Movies: Killing Bono **
(15A, GENERAL RELEASE)
In his 2003 book, I Was Bono's Doppelganger, failed rock god and Mount Temple alumnus Neil McCormick described in fanciful terms how his attempt to storm the music business compared with that of his former classmate, Bono.
Back in the late 70s the two were friends, and the frontmen of rival north Dublin bands. But while U2 coasted to world domination McCormick's career imploded horribly, mainly due to his own stupidity. It's this tall story that forms the basis of Killing Bono, a chaotic comedy directed by English journeyman Nick Hamm.
Ben Barnes (sporting a surprisingly decent middle class Dublin accent) is McCormick, who has just formed a band with his younger brother Ivan (Robert Sheehan) when he hears that Paul Hewson is also setting up a group.

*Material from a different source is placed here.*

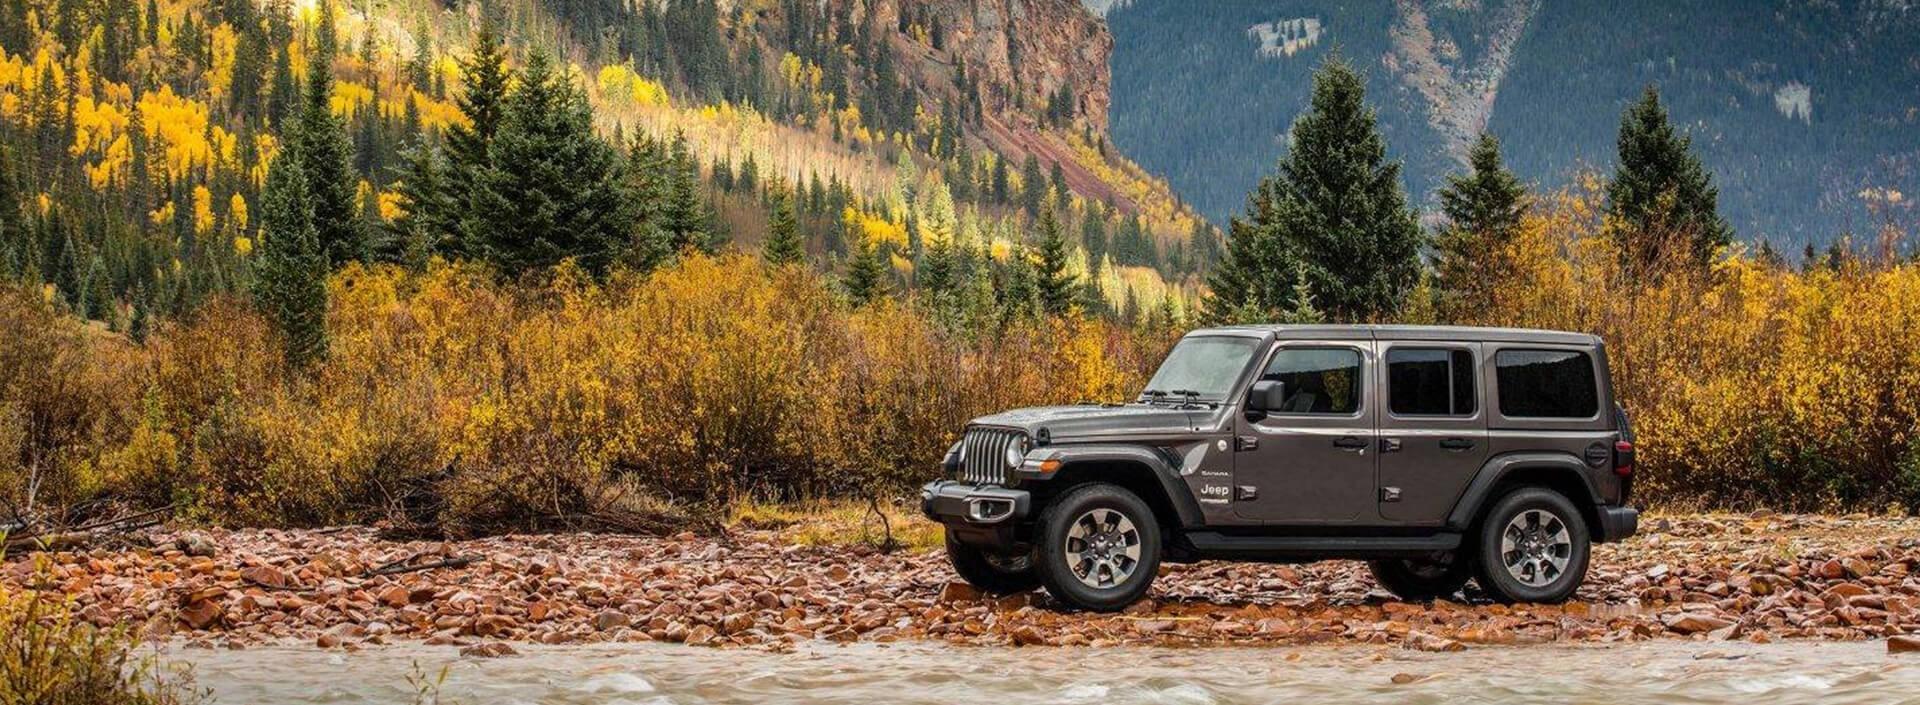 Car Dealerships In Longview Tx >> Randall Dodge Chrysler Jeep Ram Longview, Nacogdoches, Tyler TX, Jacksonville TX | New & Used ...

After The Vibe (as U2 were originally called) blow the competition away at a Mount Temple band contest, Neil becomes obsessed with making it big before Bono does. When U2 release a well-received first album, Boy, it's a setback for the McCormicks, but Neil then hatches a plan to move to London and make their name there. Ivan goes along with it, but what he doesn't know is that Neil has borrowed money from a Dublin criminal called Machin (Stanley Townsend) to fund their journey. And every time they get close to hitting the big time, Neil's huge ego conspires to undermine them.
I suppose a half-watchable film might have been assembled from that rambling storyline, but Killing Bono certainly isn't it. The film founders on two large obstacles: headless direction and a dreadful script cobbled together by veteran TV writers Dick Clement and Ian La Franais. This pair have a track record in mangling Irish source material (it was they who battered Roddy Doyle's Commitments into bland submission), and their lack of feel for the nuances of Hiberno-English does not help Killing Bono's cause.
Whether or not McCormick's idea could have been turned into a decent comedy by anyone, though, is a moot point. As it is, a badly structured film leaves the young principals clueless and floundering.
Killing Bono doesn't even bother being chronologically accurate: a pole-dancing club in a 80s rural Irish village is just one of its many sloppy gaffes. The sole bright spot is Martin McCann's drawling Bono: he's perfectly cast, and is the only convincing thing is this whole sorry mess.